DATA FOR THIS TASK =
● ● ●

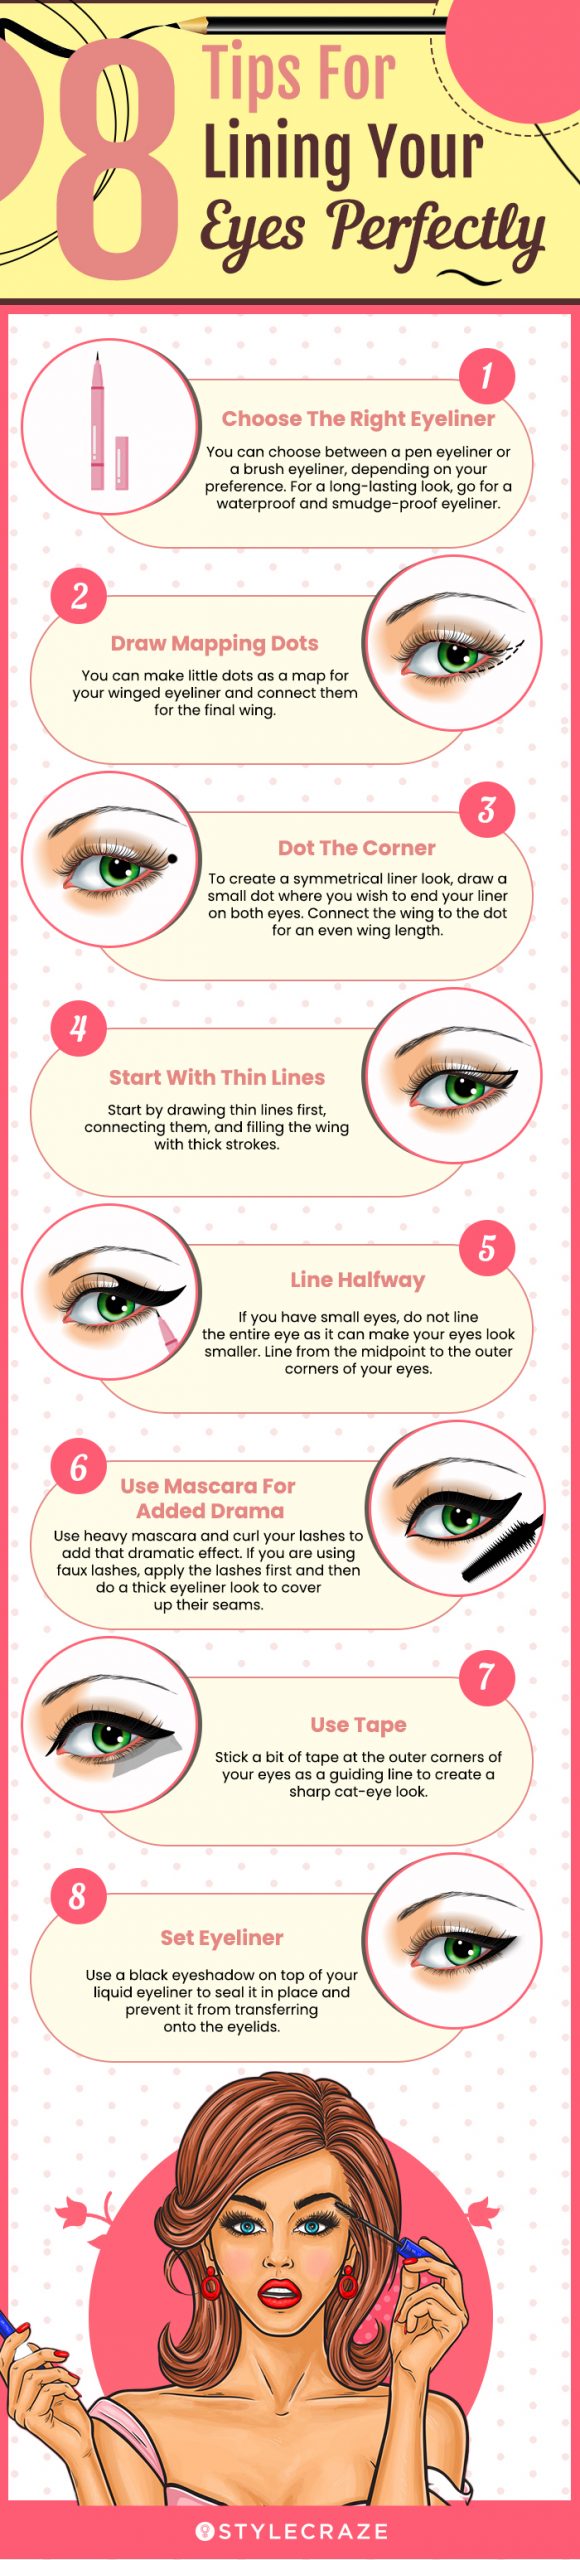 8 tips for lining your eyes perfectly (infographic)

● ● ●

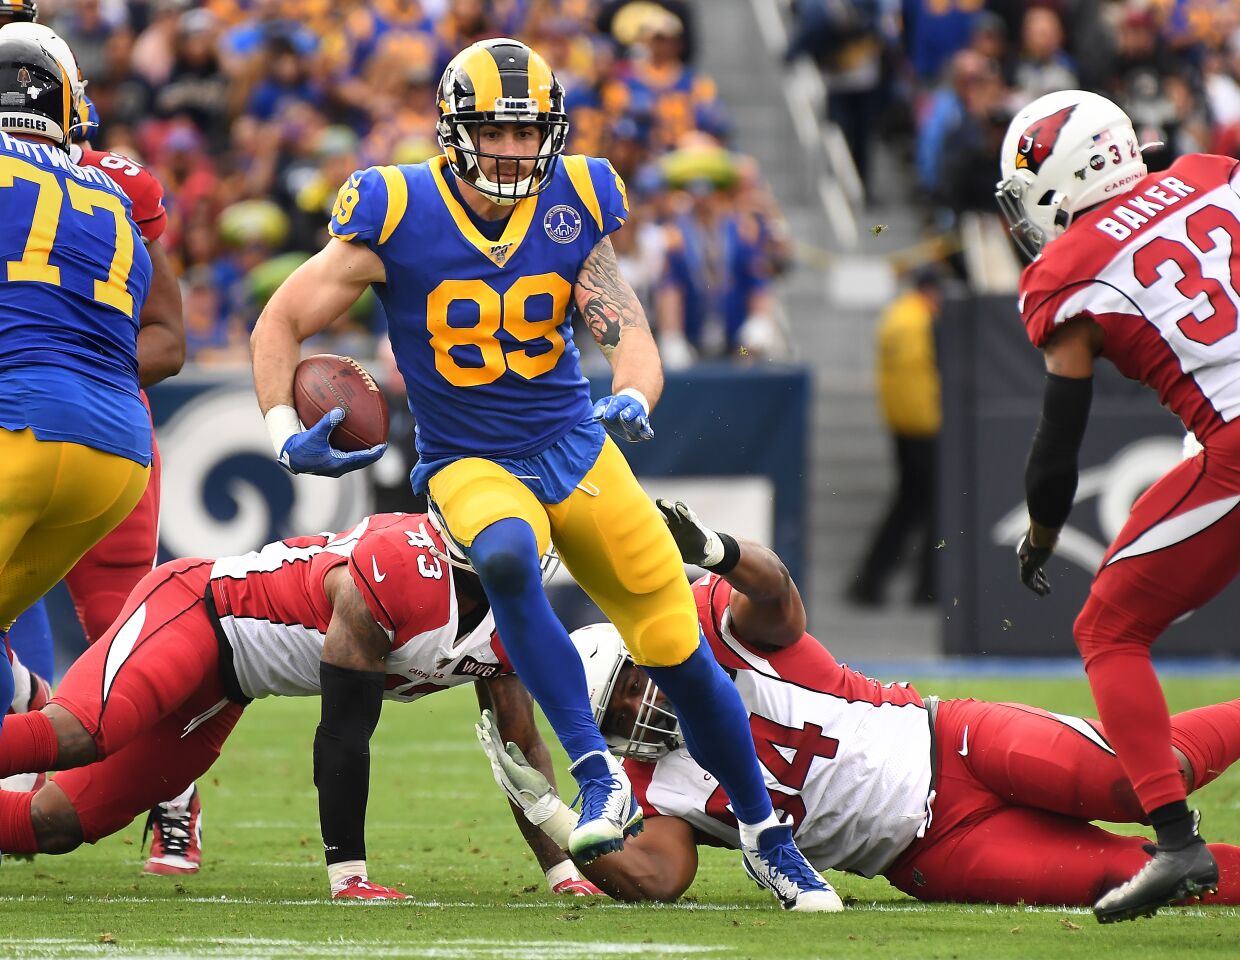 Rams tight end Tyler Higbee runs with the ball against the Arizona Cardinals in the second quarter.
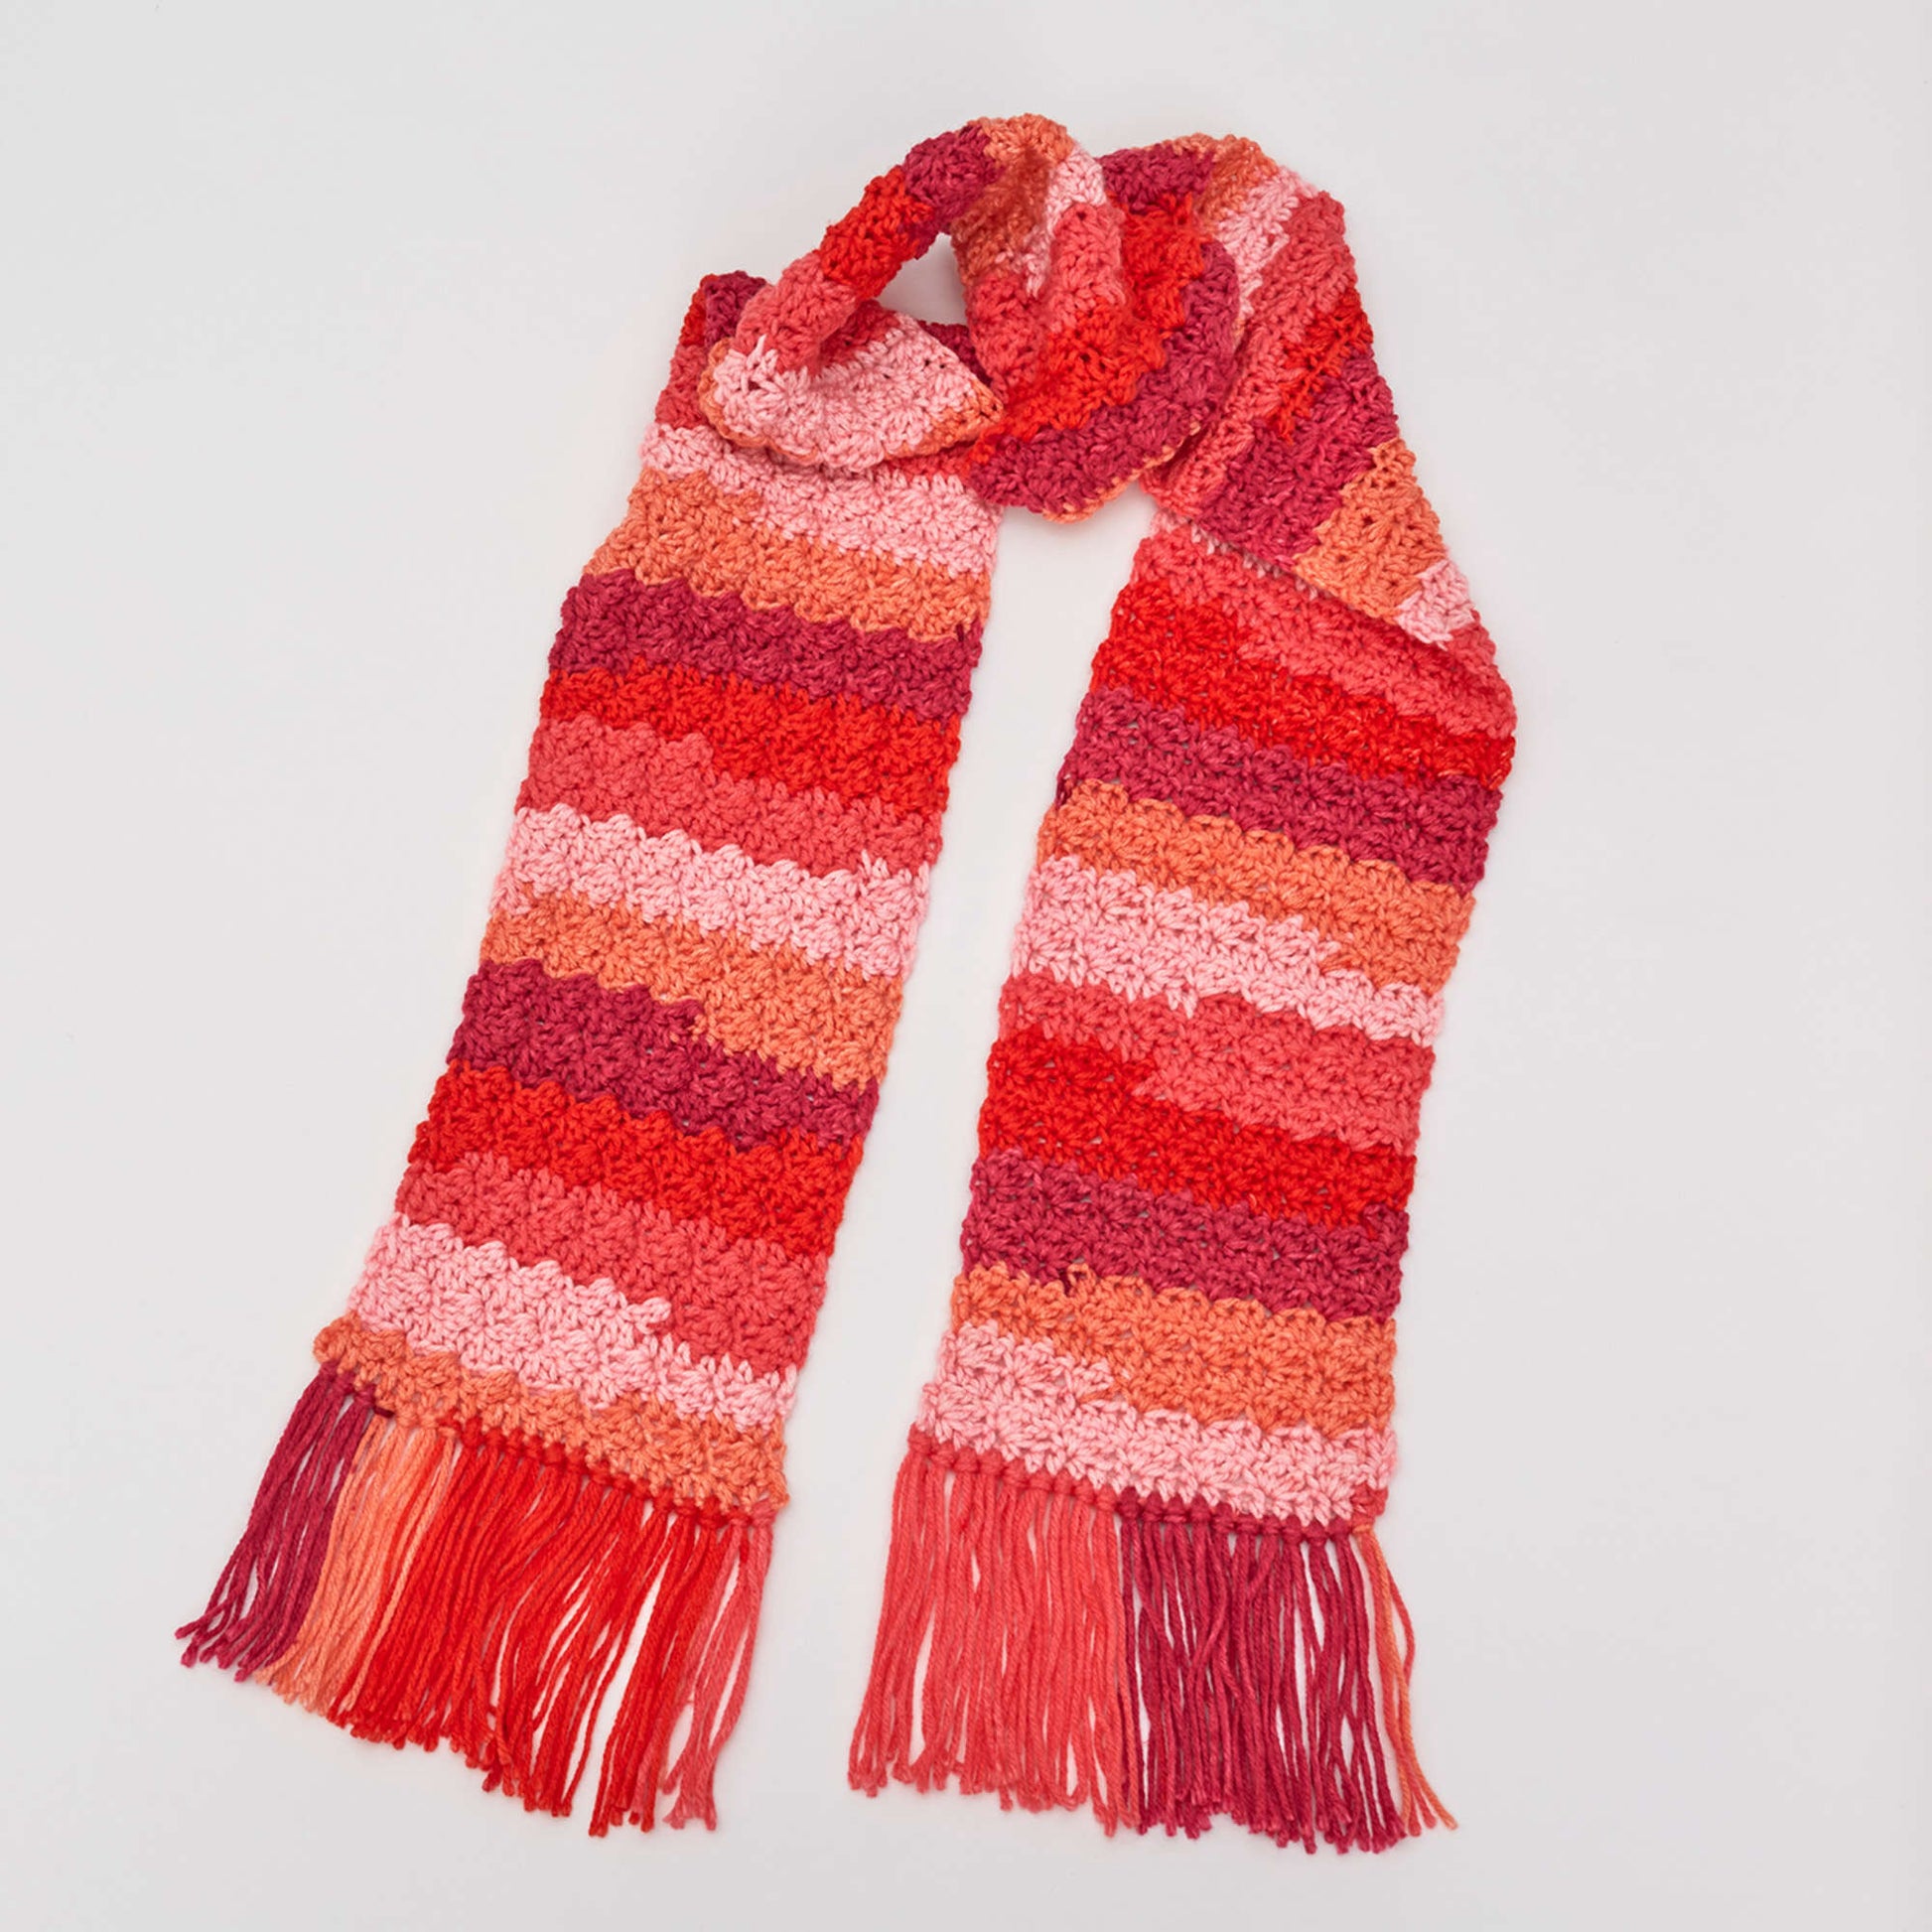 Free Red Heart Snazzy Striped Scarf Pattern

● ● ●

WORK ITEM =
Print exactly, with no pictures, the lines above from the one that holds "Rams tight end" through the one that holds "Free Red Heart Snazzy Striped Scarf Pattern", both of them included.

ANSWER BELOW =
 Rams tight end Tyler Higbee runs with the ball against the Arizona Cardinals in the second quarter.
 Free Red Heart Snazzy Striped Scarf Pattern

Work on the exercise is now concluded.